[Input for this task Boundary: Start]
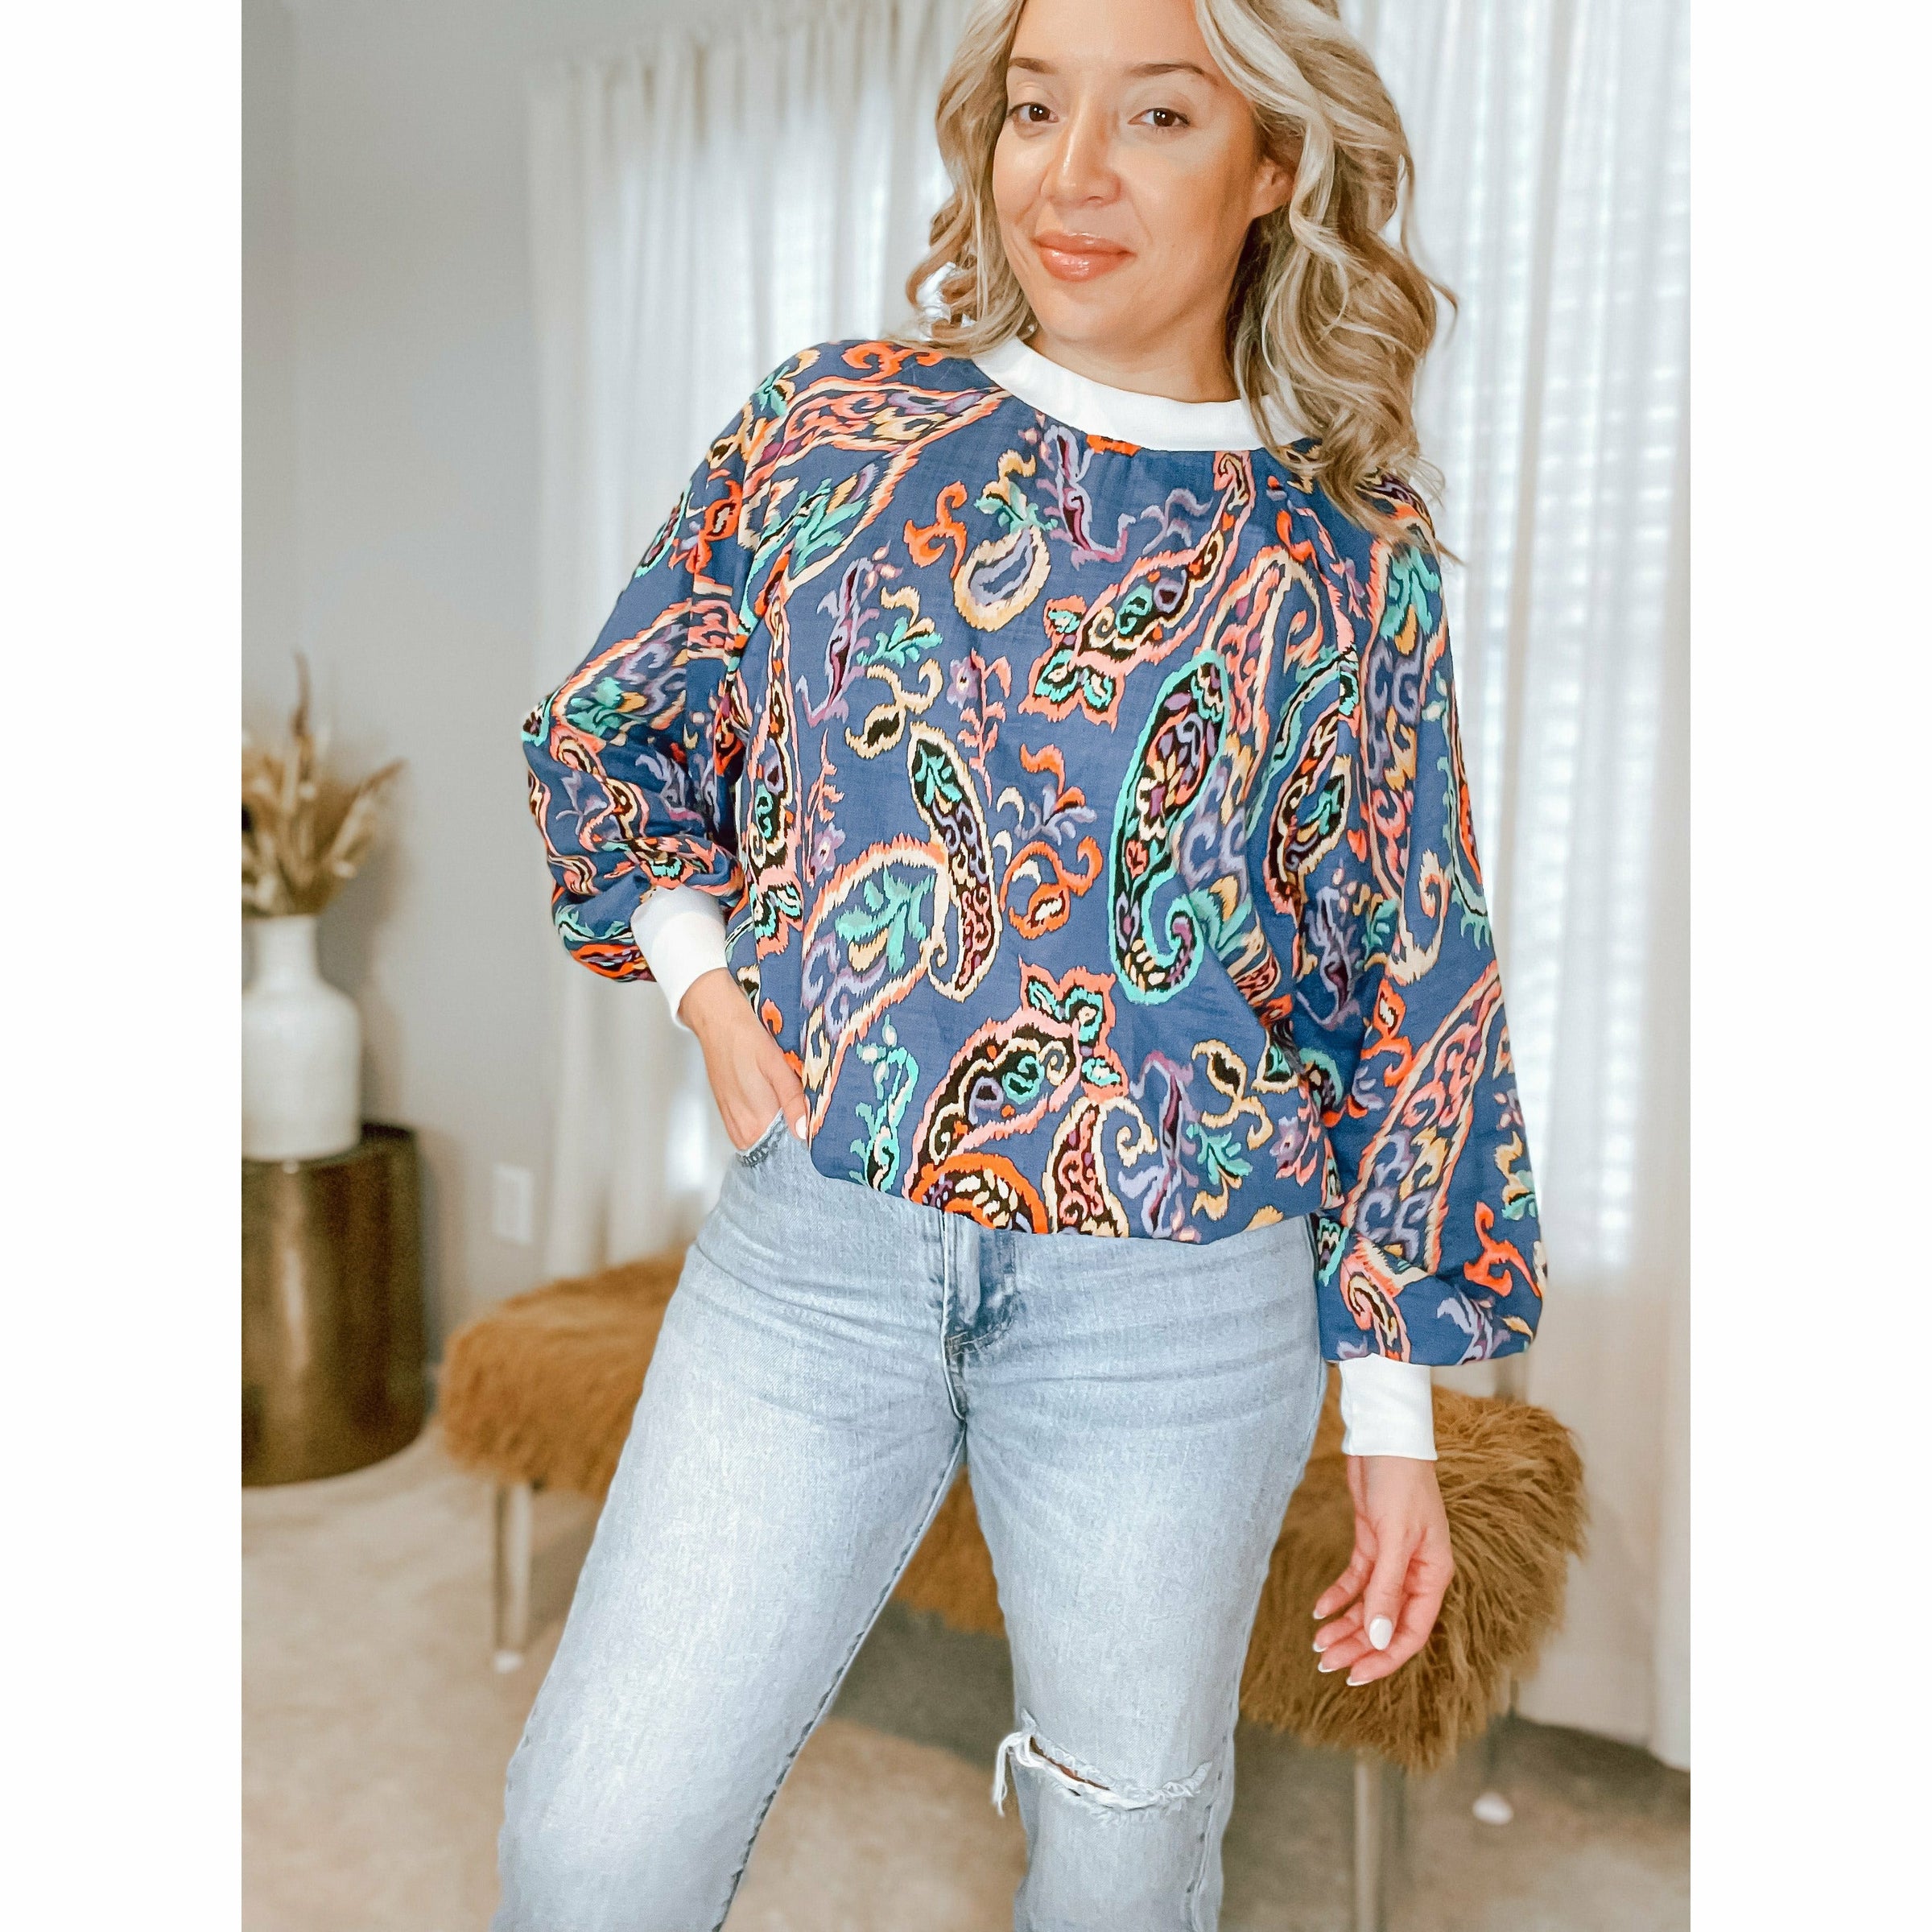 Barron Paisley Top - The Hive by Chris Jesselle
[Input for this task Boundary: End]
[Input for this task Boundary: Start]
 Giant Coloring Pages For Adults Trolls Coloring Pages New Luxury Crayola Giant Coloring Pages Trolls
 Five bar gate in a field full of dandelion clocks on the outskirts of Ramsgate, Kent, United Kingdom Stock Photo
[Input for this task Boundary: End]
Using the data above, transcribe the lines that run from the line with "Giant Coloring Pages For" to the line with "Five bar gate", both ends kept, and output nothing else.

 Giant Coloring Pages For Adults Trolls Coloring Pages New Luxury Crayola Giant Coloring Pages Trolls
 Five bar gate in a field full of dandelion clocks on the outskirts of Ramsgate, Kent, United Kingdom Stock Photo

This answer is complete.